Task instructions:
In the entries that follow, the line with "Conceptual Throw Pillow" opens the range and the line with "Popsicle Stick Bunny" closes it; repeat that range exactly, both lines included.

Information provided:
# # #

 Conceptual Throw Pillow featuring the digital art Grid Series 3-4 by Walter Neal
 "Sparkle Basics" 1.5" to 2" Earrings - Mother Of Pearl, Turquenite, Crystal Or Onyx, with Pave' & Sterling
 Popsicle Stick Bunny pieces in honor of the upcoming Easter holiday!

# # #

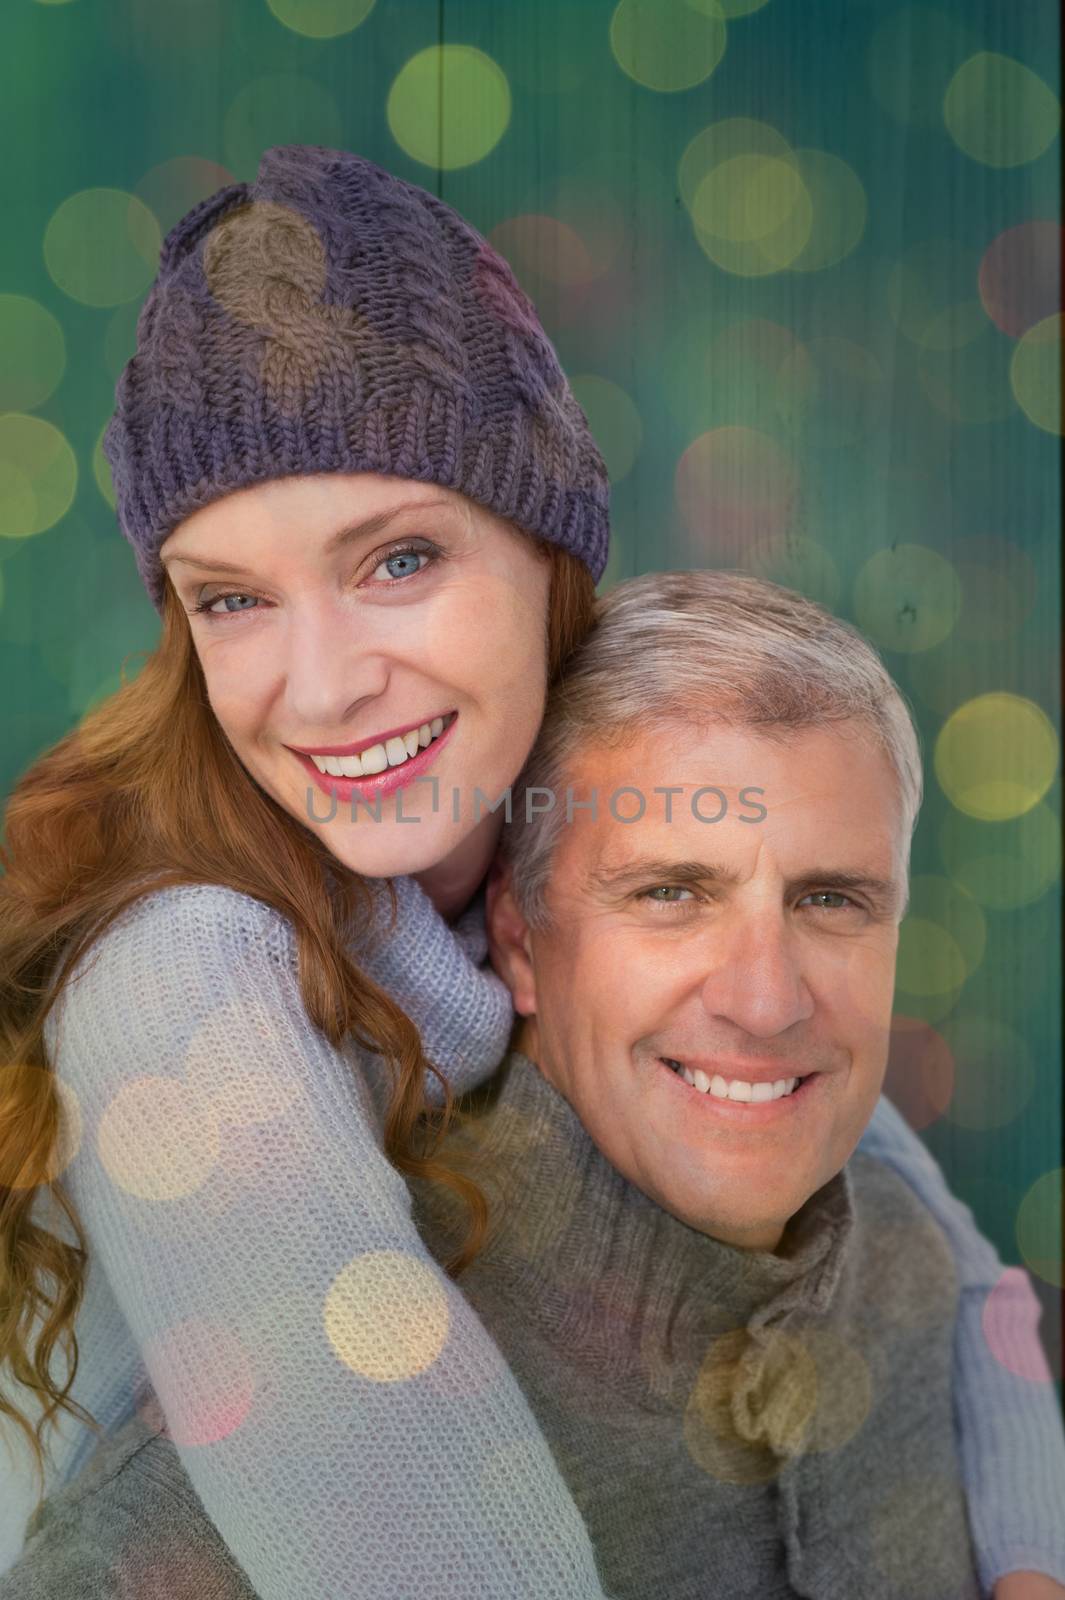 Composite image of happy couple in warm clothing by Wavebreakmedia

# # #

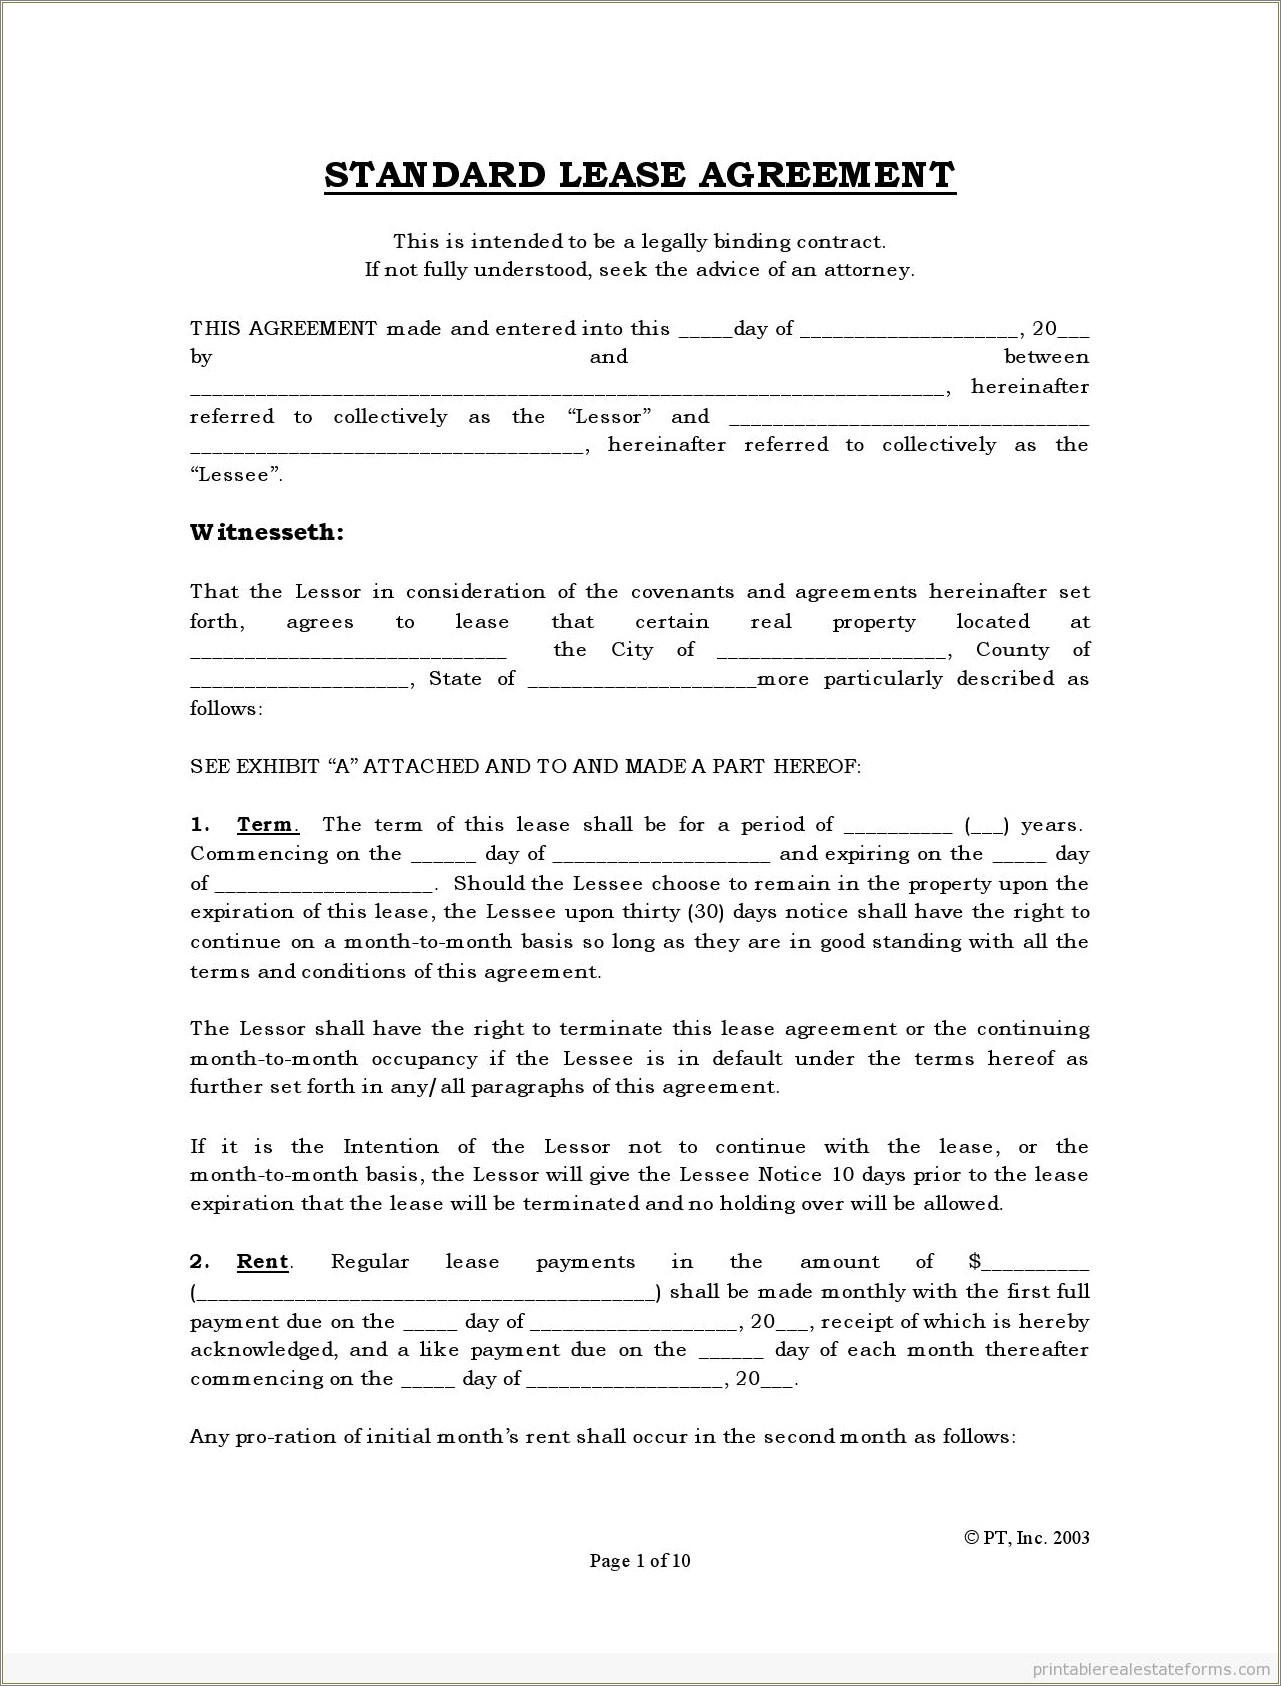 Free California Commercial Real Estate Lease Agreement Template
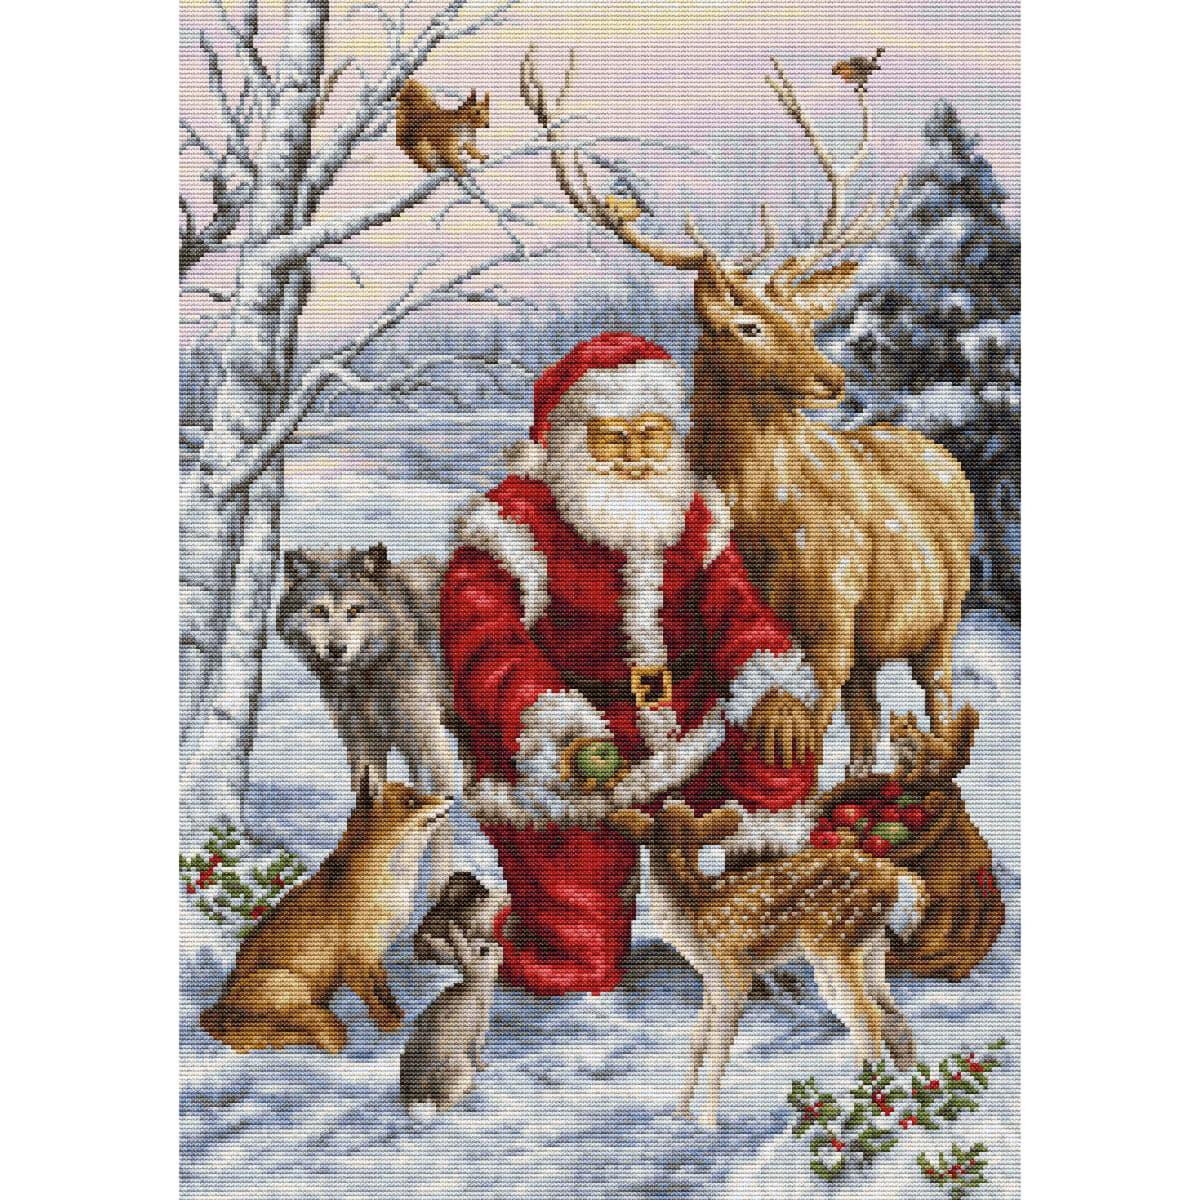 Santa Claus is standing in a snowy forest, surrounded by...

# # #

Exercise result:
 Conceptual Throw Pillow featuring the digital art Grid Series 3-4 by Walter Neal
 "Sparkle Basics" 1.5" to 2" Earrings - Mother Of Pearl, Turquenite, Crystal Or Onyx, with Pave' & Sterling
 Popsicle Stick Bunny pieces in honor of the upcoming Easter holiday!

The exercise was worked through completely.